The killing off of a character is a device in fiction, whereby a character dies, but the story continues. The term, frequently applied to television, film, video game, anime, manga and chronological series, often denotes an untimely or unexpected death motivated by factors beyond the storyline.

In productions featuring actors, the unwillingness or inability of an actor to continue with the production for financial or other reasons (including illness, death, or producers' unwillingness to retain an actor) may lead to that character being "killed off" or phased out from the storyline in another way.

Examples

Literature 

"The Final Problem" by Conan Doyle ends with Sherlock Holmes plunging to his death at the Reichenbach Falls, in struggle with his arch enemy Professor Moriarty. There is ample evidence that Doyle fully intended this to be Holmes' definite and final end. Doyle wanted to write no more Sherlock Holmes stories, feeling that they were distracting him from more serious literary efforts and that "killing off" Holmes was the only way of getting his career back on track. "I must save my mind for better things," he wrote to his mother, "even if it means I must bury my pocketbook with him." Conan Doyle sought to sweeten the pill by letting Holmes go in a blaze of glory, having him rid the world of a criminal so powerful and dangerous that any further task would be trivial in comparison; indeed, Holmes says as much in the story. However, the Holmes fans refused to be mollified, continually protesting and pressuring Doyle until he brought their hero back to life.

Alexander Dumas wrote The Three Musketeers which proved highly successful, and added several sequels.
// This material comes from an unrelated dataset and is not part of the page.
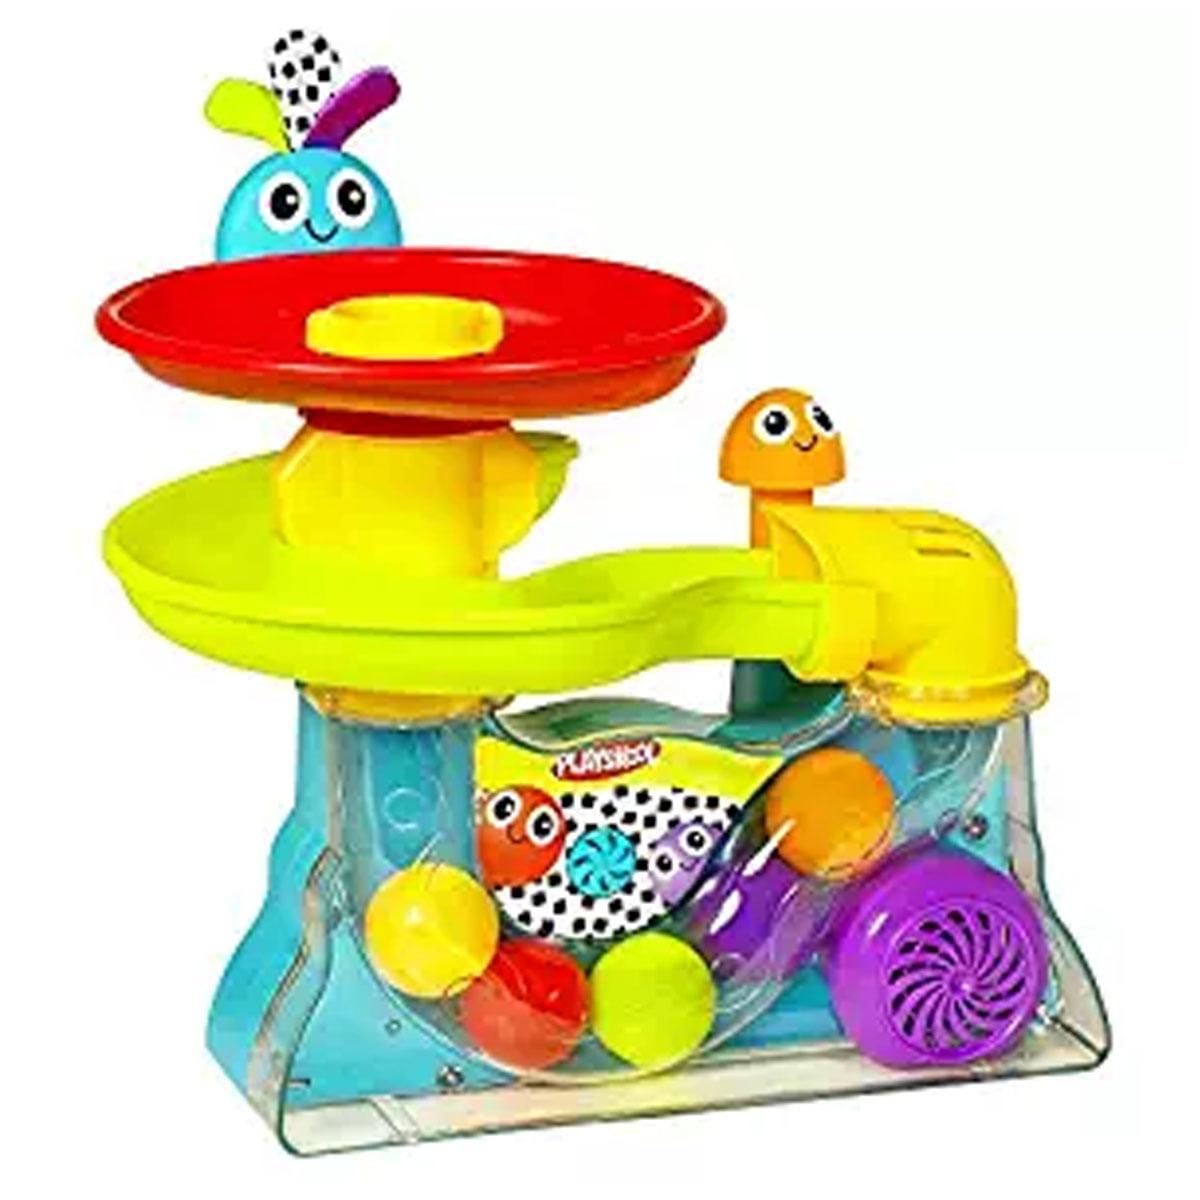 Playskool Explore N'Grow Busy Ball Popper, (OPEN BOX) by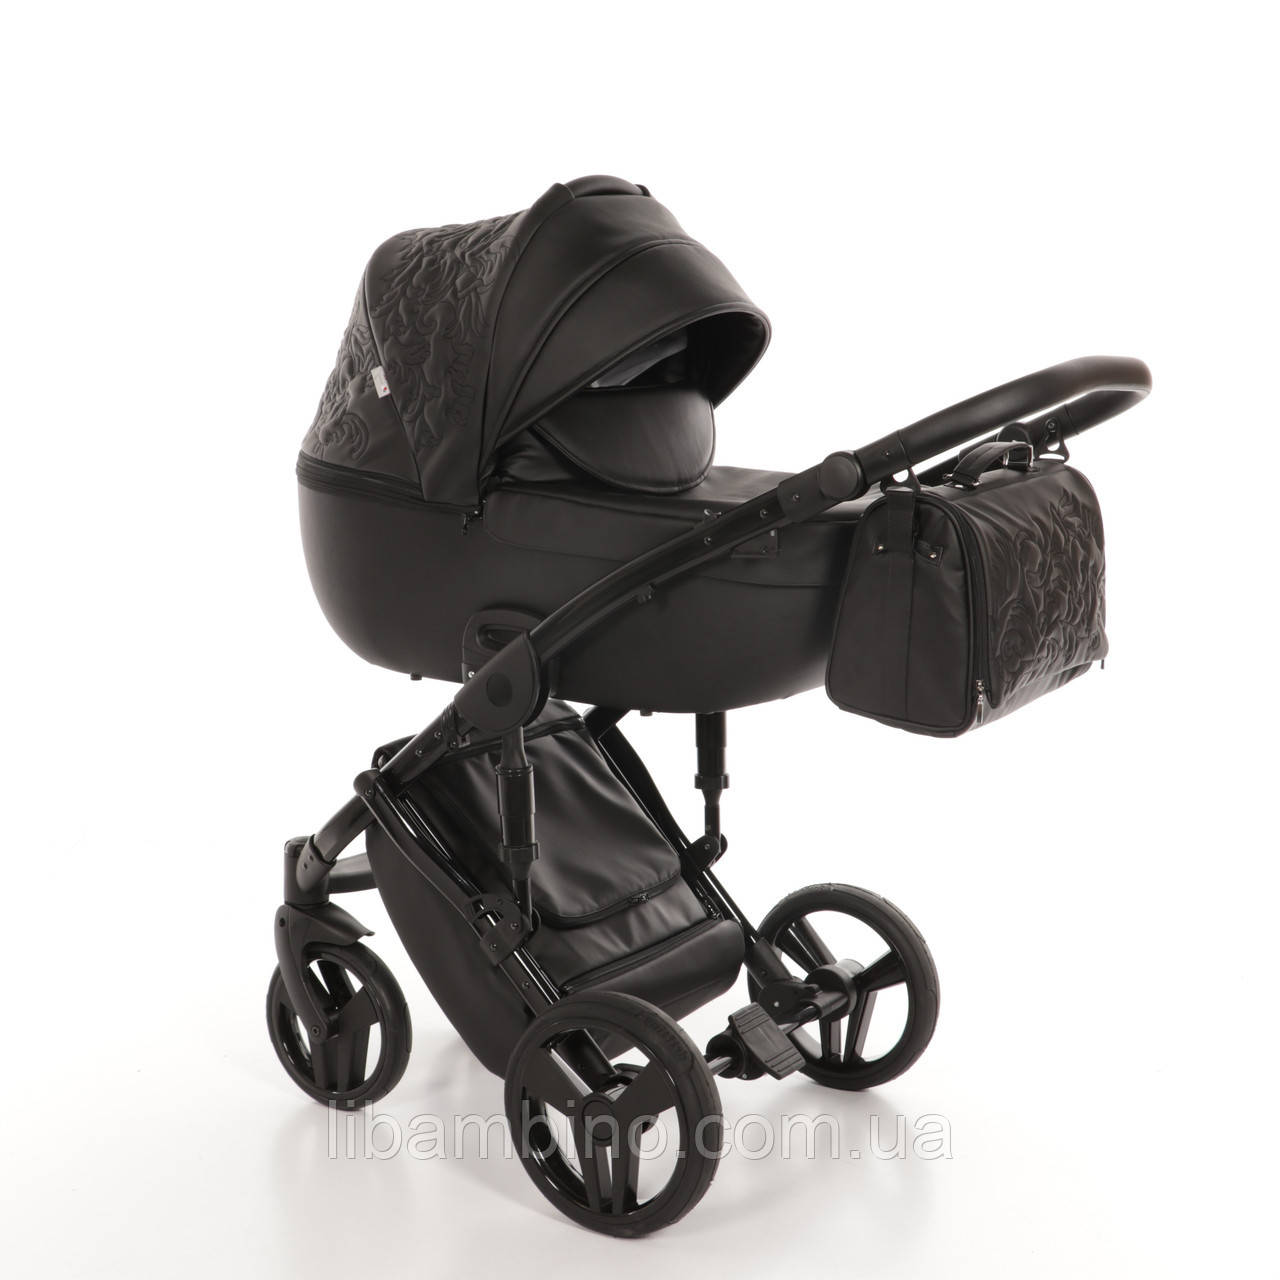 Дитяча універсальна коляска 2 в 1 Junama Enzo 04

However, the final one, The Vicomte of Bragelonne: Ten Years Later, ends with the death of all the Musketeers, one by one – making clear to readers that he would write no more of them.

Science fiction writer Harry Turtledove has produced many series of Alternative History depicting alternate versions of various wars (the American Civil War, The First and Second World Wars, the Korean War etc.). Such Turtledove books typically include a large cast of alternating point of view characters, drawn from both sides of the conflict, whose lives continually interweave with each other in the book's plot. In such books, Turtledove is in the frequent habit of suddenly killing off one or more of his characters, often a sympathetic one to whom readers were attracted. In some of these cases, a soldier character is depicted as getting unscathed through very heavy fighting and then getting killed in a trivial skirmish or incident – which does happen in real war but rarely in fictional depictions.

Television 
Because of the episodic format of television shows, audience feedback and approval is often a factor in whether or not a character is killed off. Damon Lindelof, executive producer of Lost, has been quoted as saying that despite the widespread hate for Nikki and Paulo, "We had a plan when we introduced them, and we didn't get to fully execute that plan. But when the plan is executed, [they] will be iconic characters on the show." In an example of a character being killed off as a result of an actor leaving the show, Raymond Cruz's character Tuco Salamanca on Breaking Bad was killed off because he found the part too difficult to play. Characters may be killed off when the actors die. John Ritter's character in 8 Simple Rules was written to have died off screen after Ritter himself died during taping of the show.

Mr. Hooper of the PBS Kids show, Sesame Street, is another example of a character "killed off." When actor Will Lee died on December 7, 1982, the staff of Children's Television Workshop were thinking of recasting Mr. Hooper, or quietly having the character retire from the show. Instead, they made a special tribute episode where humans explained to Big Bird that Mr. Hooper had died and told Big Bird about the irreversibility of death. The episode aired on November 24, 1983.

The Palestinian children's character Farfur (a Mickey Mouse lookalike) is an example of a character "killed off" for political reasons in 2007. After the program received criticism from some government ministers in both Palestine and Israel, as well as from the Disney family, for espousing anti-Israeli and antisemitic sentiments, the Farfur character was killed off. Even his death, at the hands of an "Israeli agent", making Farfur a "martyr", was similarly politicised.

The Simpsons killed off Edna Krabappel after the death of her late voice artist Marcia Wallace on October 25, 2013.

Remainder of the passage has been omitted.